Pedagogic Corpus
The cumulative body of texts a learner meets across a course, treated as a corpus in its own right. Willis introduced the construct to argue that the texts a course supplies are not isolated reading or listening events but a single, shapeable database from which lexical, grammatical, and discourse patterns emerge through repeated exposure. Course design then becomes corpus engineering: choosing and ordering texts so that high-frequency items recur often enough for learners to build reliable generalisations.
The construct
For Willis, the learner's encounter with the language is mediated almost entirely by the texts the course delivers. If those texts are assembled without thought to recurrence and coverage, the learner sees high-frequency patterns sporadically and rare items disproportionately often. The pedagogic corpus reframes the question. Instead of asking whether each text is interesting or level-appropriate, the writer asks what the course as a whole exposes the learner to: which words and structures appear, how often, in what contexts, and across which genres. Willis treats this aggregate as the data the learner is implicitly studying.

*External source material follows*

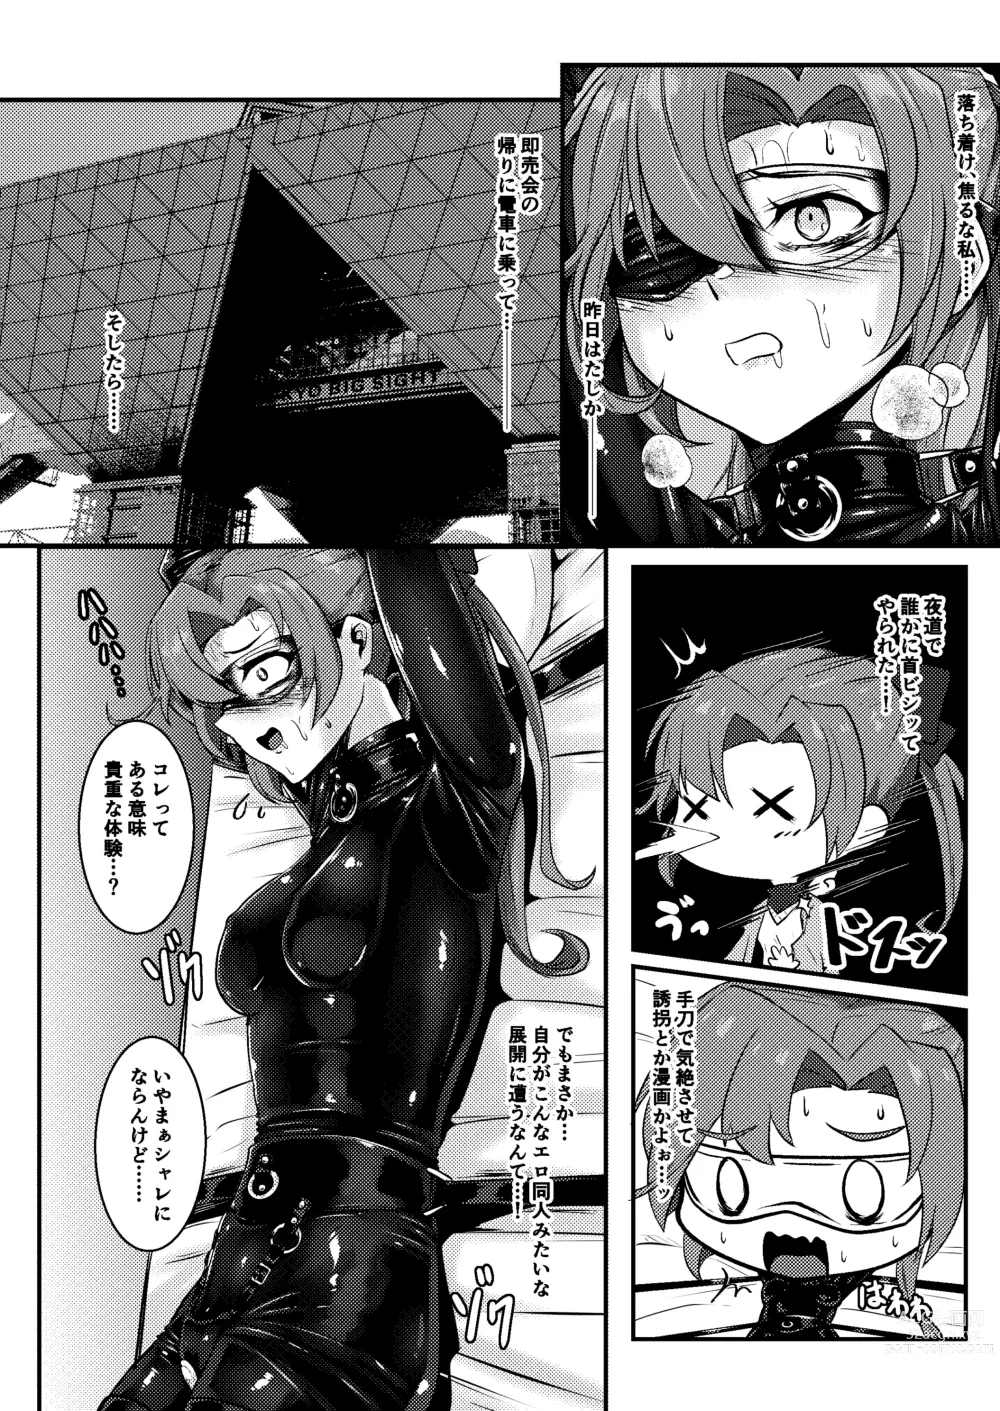 Page 6 of doujinshi Revenge is sweet

The construct shifts the unit of design from the lesson to the syllabus. Recycling, coverage, and pattern emergence are properties of the corpus, not of any single chapter. A coursebook that introduces get once, in passing, on page 40 has built a pedagogic corpus that systematically under-represents one of the most frequent verbs in English. The fix is structural rather than remedial.

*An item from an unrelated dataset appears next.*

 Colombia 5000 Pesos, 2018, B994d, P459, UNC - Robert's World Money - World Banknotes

Distinct from corpus-informed materials
A common conflation is to treat pedagogic corpus as a synonym for corpus-informed materials design. They are different. Corpus-informed materials use a reference corpus (BNC, COCA, the Cambridge Learner Corpus) during authoring to check frequency, collocation, and naturalness of invented examples. The pedagogic corpus is the corpus the learner receives as the course unfolds. One feeds the writer's pen; the other is what the learner reads and hears. A course can be heavily corpus-informed at the writing stage and still produce a thin, skewed pedagogic corpus.
Implications for design
Three practical moves follow. First, the course writer should profile the running text against frequency lists to verify that high-frequency vocabulary recurs across chapters, not only within them. Second, recycling should be planned at the corpus level: a target item introduced in unit 3 should reappear naturally in units 5, 7, and 11, not be parked in a vocabulary box. Third, genre balance matters. A pedagogic corpus dominated by dialogues delivers limited exposure to written-register patterns; one dominated by expository articles starves learners of conversational lexis. Willis and Willis frame this as building a learner's database of language they have actually met, from which grammar and lexis are then induced.
The construct underpins task-based and lexical syllabuses, where pattern emergence depends on cumulative exposure, but it applies to any course whose design takes seriously what learners are actually reading and hearing across the term.
References
- Willis, D. (1990). The Lexical Syllabus: A New Approach to Language Teaching. Collins ELT.
- Willis, J. & Willis, D. (Eds.). (1996). Challenge and Change in Language Teaching. Heinemann.
- Willis, D. (2003). Rules, Patterns and Words: Grammar and Lexis in English Language Teaching. Cambridge University Press.
- Willis, D. (2011). The pedagogic corpus and learners as researchers. In Language Description and Language Learning. John Benjamins.